# Pinyin pronunciation: zh as z



## Ghabi

Hi! In this thread it's been mentioned that the word zhou1 is pronounced as zou1 by some. I wonder how common is it to de-retroflex the consonants zh, ch, sh, r in Mandarin (I ask specifically about Mainland Mandarin, not the Taiwan variety, which doesn't use the retroflex much)? When do you do that, if at all? In rapid speech? Is the de-retroflexation restricted only to some words? Who are more likely to do that? The youth?

Thanks in advance!


----------



## SuperXW

Hello, Ghabi!
The problem is, I don't think the "zou/zhou" confusion in that original post is caused by a "de-retroflex". That one may be particularly caused by two not-so-common characters accidentally having similar pronunciations, as 诌zou1 means 胡说, and 诹zhou1 means 咨询. They also have similar structures and all concern "talkings". That's why we are confused.
For your question, I think Beijingers and most northen Chinese are good at 卷舌音. So they seldom mess up z, c, s, zh, ch, sh.


----------



## Serafín33

Ghabi said:


> Hi! In this thread it's been mentioned that the word zhou1 is pronounced as zou1 by some. I wonder how common is it to de-retroflex the consonants zh, ch, sh, r in Mandarin (I ask specifically about Mainland Mandarin, not the Taiwan variety, which doesn't use the retroflex much)? When do you do that, if at all? In rapid speech? Is the de-retroflexation restricted only to some words? Who are more likely to do that? The youth?
> 
> Thanks in advance!


De-retroflexion of ‹zh, ch, sh, r› is apparently _very _widespread in mainland China. The entirety of Southwestern Mandarin is usually described like this (having ‹z, c, s› and an English [z] sound as in "zipper" instead). I actually have access to some survey of Mandarin dialects so I'll try to get you more info later.

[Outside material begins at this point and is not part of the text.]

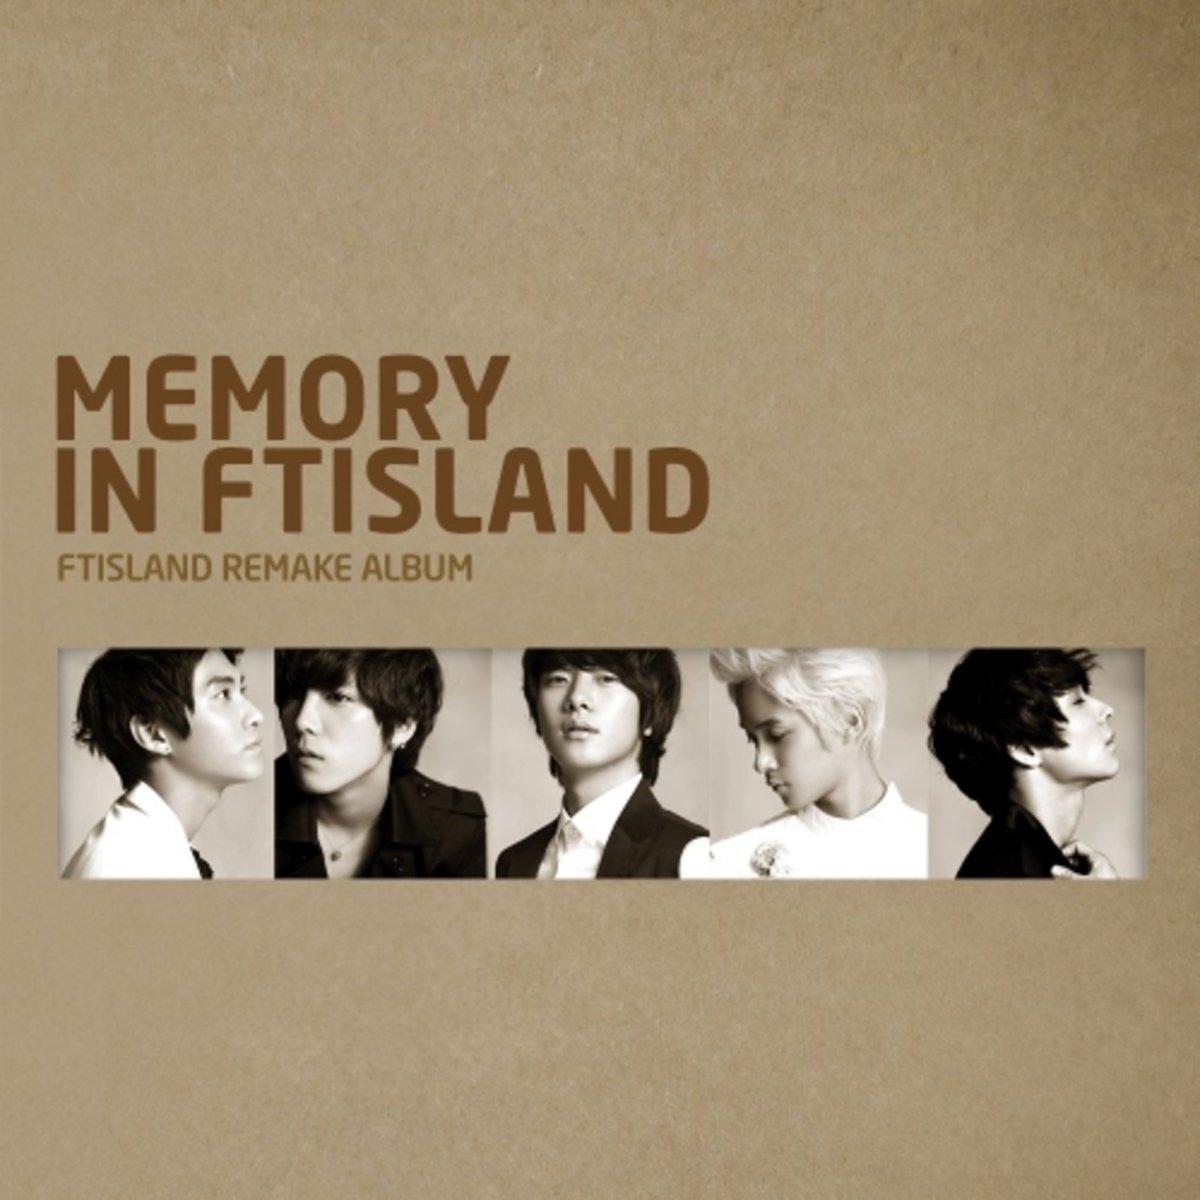 FTISLAND - Remake Album [Memory In FtIsland]_34294

Since you definitely have better ears than I do, you could also try listening to how people pronounce them (朝朝, 傳長, 數水是, 人柔如忍若) in this video.


----------



## xiaolijie

SuperXW said:


> Hello, Ghabi!
> The problem is, I don't think the "zou/zhou" confusion in that original post is caused by a "de-retroflex". That one may be particularly caused by two not-so-common characters accidentally having similar pronunciations, as 诌zou1 means 胡说, and 诹zhou1 means 咨询. They also have similar structures and all concern "talkings". That's why we are confused.


I agree. It seems to be just a kind of confusion over some odd words. When talking of "de-retroflexing", we tend to see the phenomenon as occurring in a systematic way, one sound replacing the other in predictable environments.


----------



## Ghabi

Thanks guys, I'm less perplexed now. @Neqitan, I enjoy the audio a lot, thanks so much (I'm not even aware that such an interesting compilation exists; hats off to the compilers and contributors).


----------



## indigoduck

Ghabi said:


> Thanks guys, I'm less perplexed now. @Neqitan, I enjoy the audio a lot, thanks so much (I'm not even aware that such an interesting compilation exists; hats off to the compilers and contributors).




Personally, i enjoyed the KFC commercial in the beginning. I wish they had that here.

To all who listened to Neqitan's video. 

What dialects were heard in that compilation? 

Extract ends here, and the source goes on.